If you choose to set the proxy system properties in your code, you can use the System.setProperty
method to set the necessary properties. Here's an example:
System.setProperty("http.useProxy", "true");
System.setProperty("http.proxyHost", "proxyHost Value");
System.setProperty("http.proxyPort", "proxyPort Value");
System.setProperty("https.proxyHost", "proxyHost HTTPS Value");
System.setProperty("https.proxyPort", "proxyPort HTTPS Value");
System.setProperty("http.proxyProtocol", "https");
Hi, this sounds like a very generic solution:
1. Can you create firewall rules in GCP which aim directly at Spark Serverless while omitting Dataproc? They're running in the same network.
2. Can you use SnowCD in Spark Serverless instance?
3. We don't use proxy
For a list of Dataproc Serverless Spark supported runtime releases see the following link:
https://cloud.google.com/dataproc-serverless/docs/concepts/versions/spark-runtime-versions
I know this page very well, but it doesn't apply to any of my follow-up questions.
1. Firewall rules are configured to restrict access to Spark web UIs within the same VM. They are not configurable.
2. SnowCD is not currently available with Serverless Spark.
I was having a similar issue with connecting from Dataproc Serverless to an on-prem storage appliance.

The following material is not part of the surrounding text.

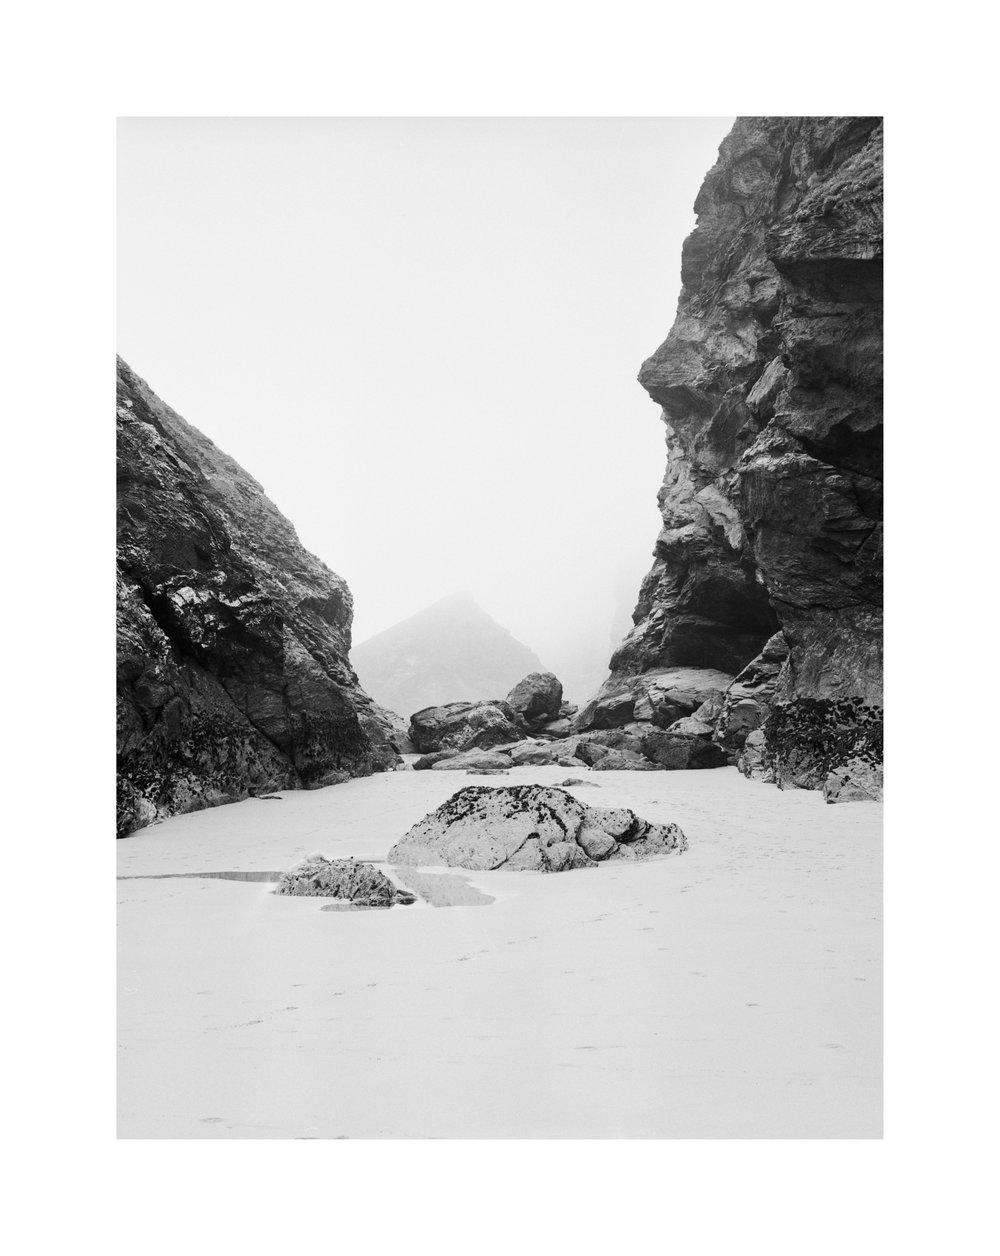 cliffs2 copy.jpg

Setting egress firewall rules did not work. Tried using a custom container and that also did not work. It is very frustrating that this limitation does not seem to be documented anywhere. Finally, solved this by creating a Cloud NAT (needed because Dataproc Serverless nodes do not have external IPs) in addition to making sure that proper egress firewall rules are in place.
I understand that you encountered difficulties connecting from Dataproc Serverless to an on-prem storage appliance and that setting egress firewall rules and using a custom container did not resolve the issue. It can be frustrating when such limitations are not clearly documented.
In your case, you were able to solve the problem by creating a Cloud NAT and ensuring that the proper egress firewall rules were in place. Cloud NAT allows instances without external IP addresses, such as Dataproc Serverless nodes, to communicate with resources outside of the Google Cloud environment. By configuring Cloud NAT and ensuring the appropriate egress firewall rules are set up, you were able to establish the connection between Dataproc Serverless and your on-prem storage appliance.